The passage of time has transformed World War II from a massive tragedy into a morality tale, one that casts opponents of intervention as blackguards. Whether explicitly or implicitly, the debate over how the United States should respond to some ostensible threat – Iraq in 2003, Iran today – replays the debate finally ended by the events of December 7, 1941. To express skepticism about the necessity and prudence of using military power is to invite the charge of being an appeaser or an isolationist. Few politicians or individuals aspiring to power will risk the consequences of being tagged with that label. 

In this sense, American politics remains stuck in the 1930s – always discovering a new Hitler, always privileging Churchillian rhetoric – even though the circumstances in which we live today bear scant resemblance to that earlier time. There was only one Hitler and he's long dead. As for Churchill, his achievements and legacy are far more mixed than his battalions of defenders are willing to acknowledge.  And if any one figure deserves particular credit for demolishing Hitler's Reich and winning World War II, it's Josef Stalin, a dictator as vile and murderous as Hitler himself. 

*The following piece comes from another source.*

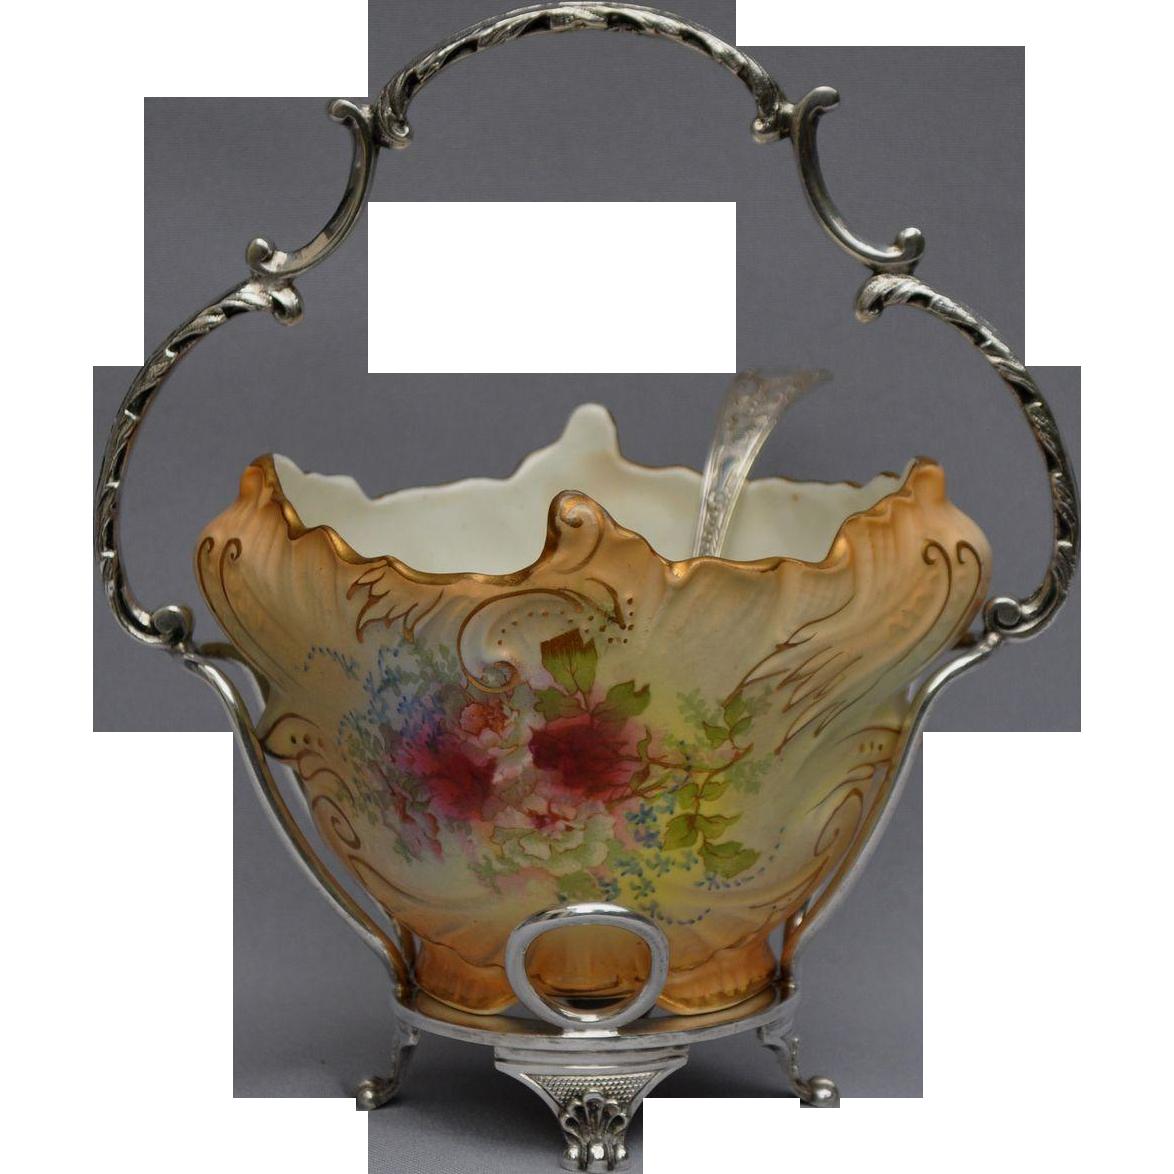 Pottery Crown Devon Fieldings Sugar Bowl EPNS Rococo Empire Spoon Antique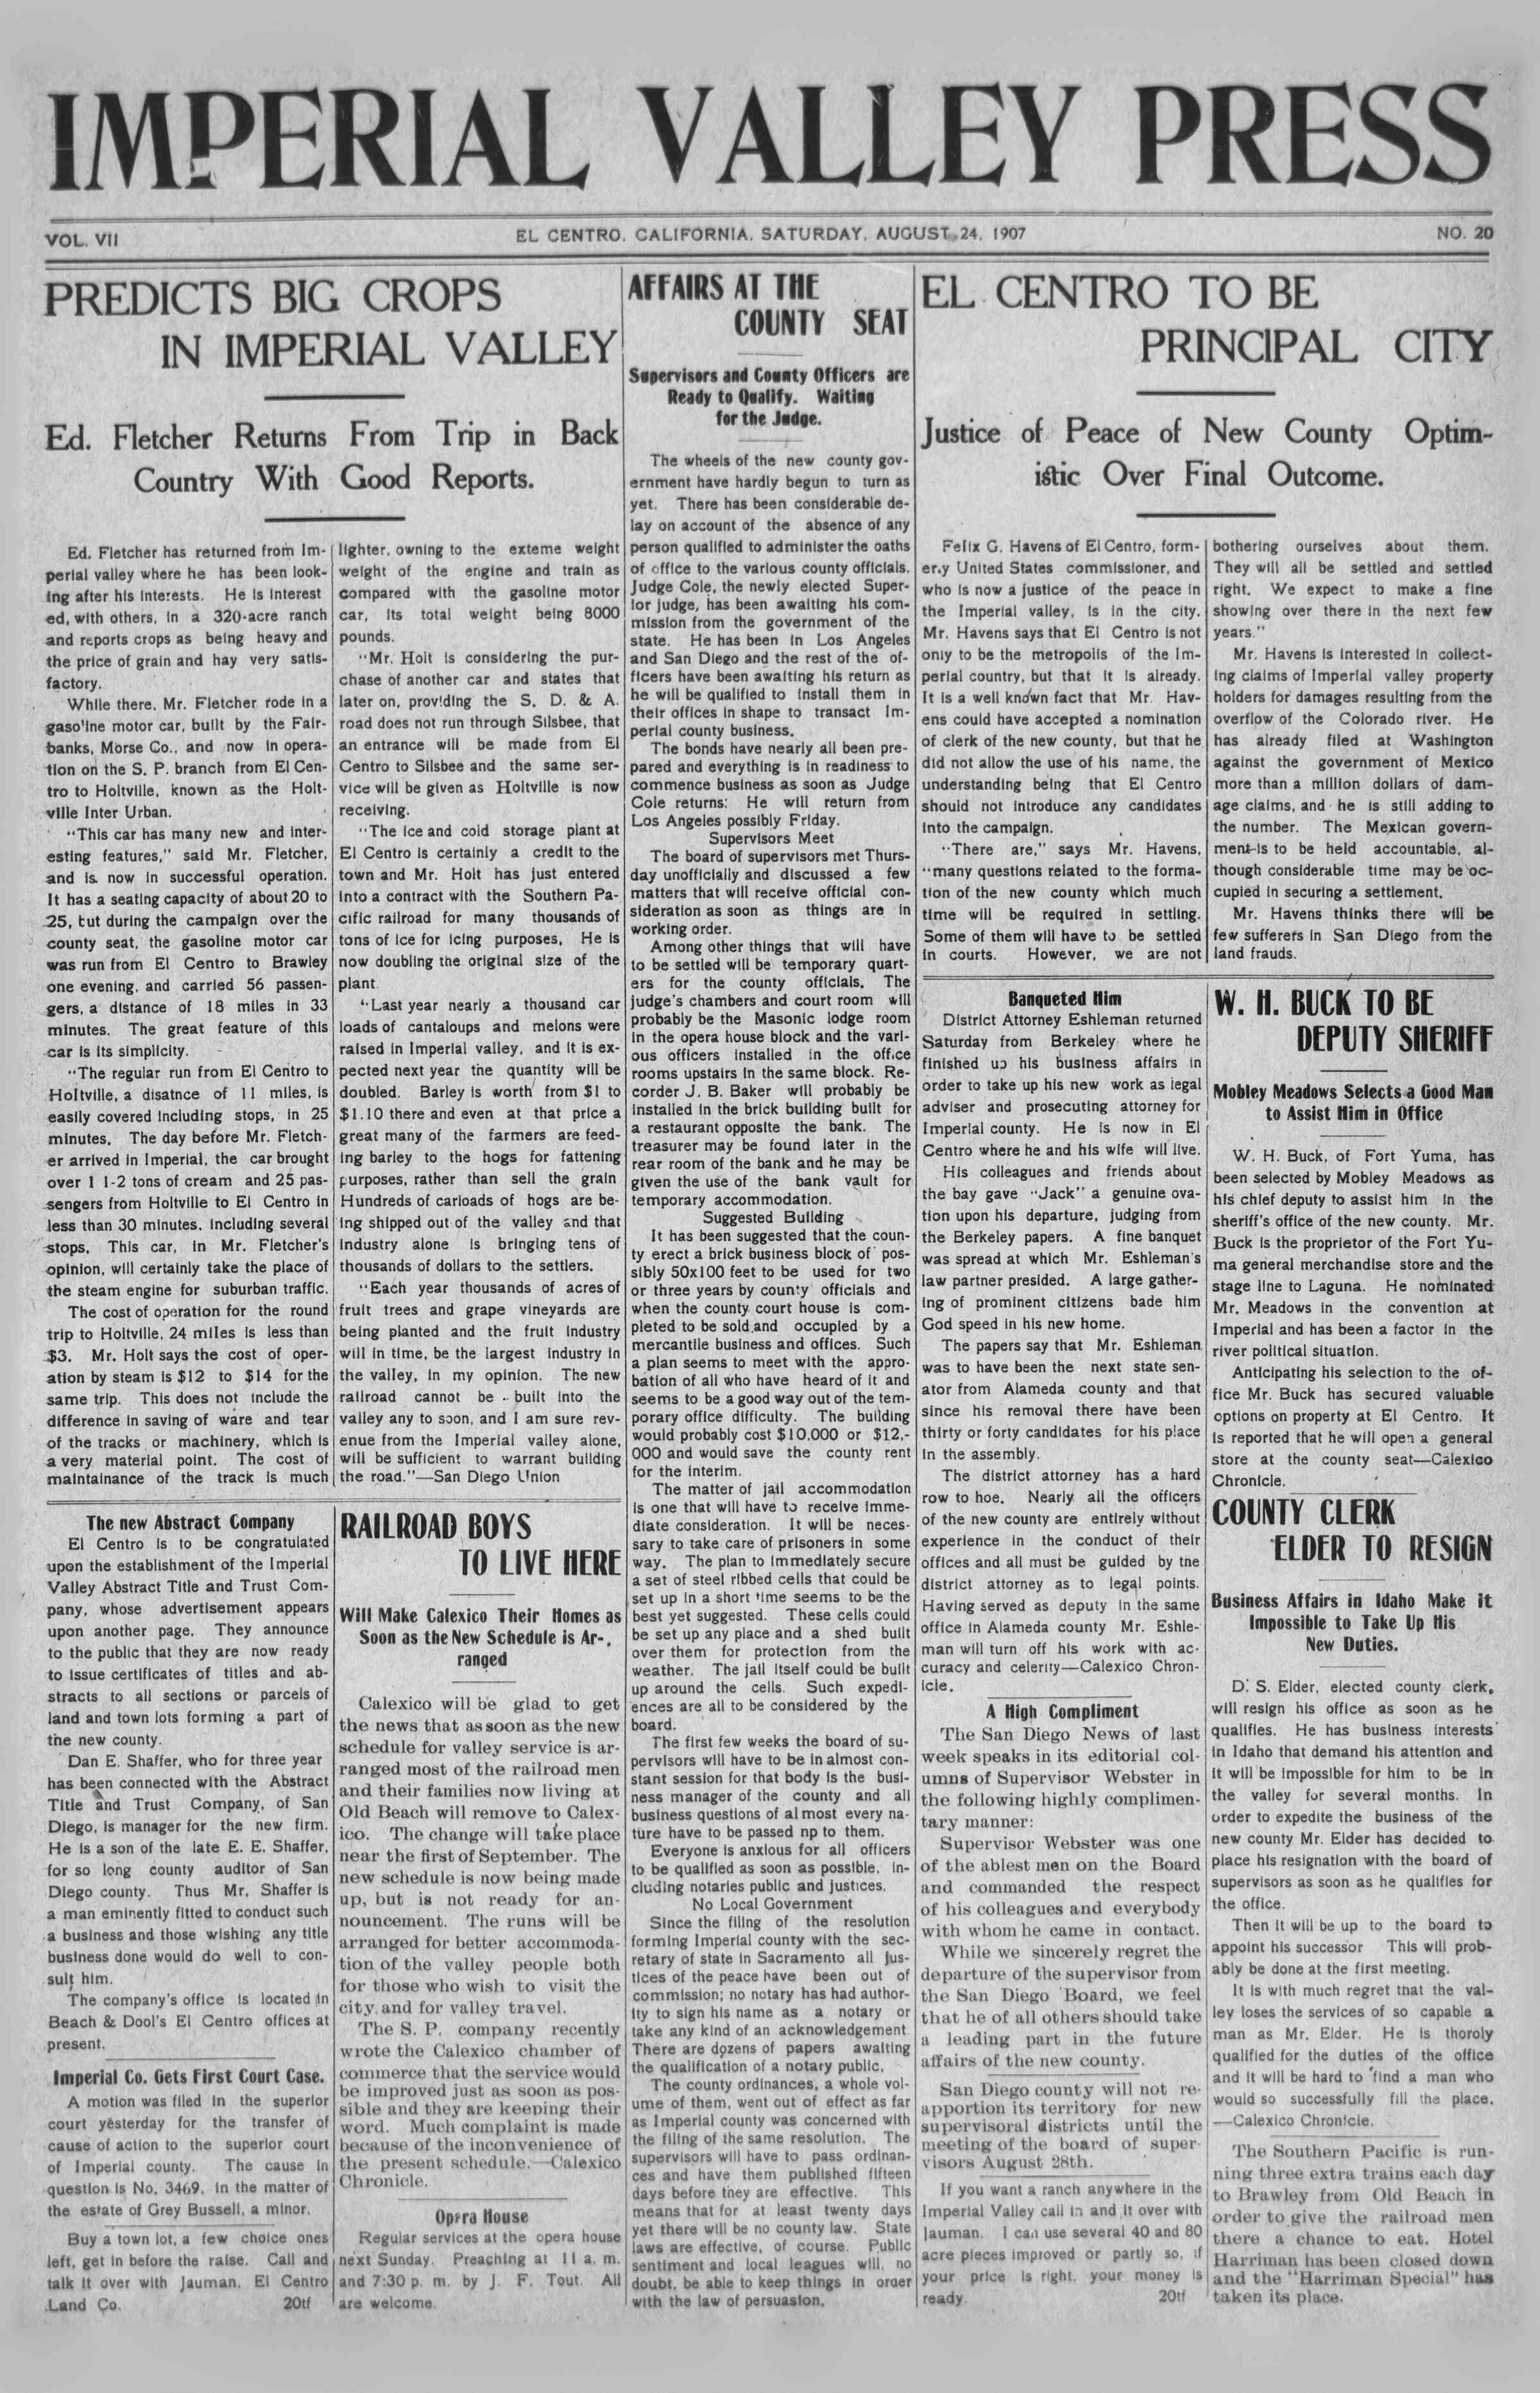 24 Ağustos 1907 Tarihli Imperial Valley Press Dergisi Sayfa 1

Until Americans accept these facts, until they come to a more nuanced view of World War II that takes fully into account the political and moral implications of the US alliance with the Soviet Union and the US campaign of obliteration bombing directed against Germany and Japan, the mythic version of "the Good War" will continue to provide glib justifications for continuing to dodge that perennial question: How much is enough?

Like concentric security barriers arrayed around the Pentagon, these four factors – institutional self-interest, strategic inertia, cultural dissonance, and misremembered history – insulate the military budget from serious scrutiny. For advocates of a militarized approach to policy, they provide invaluable assets, to be defended at all costs.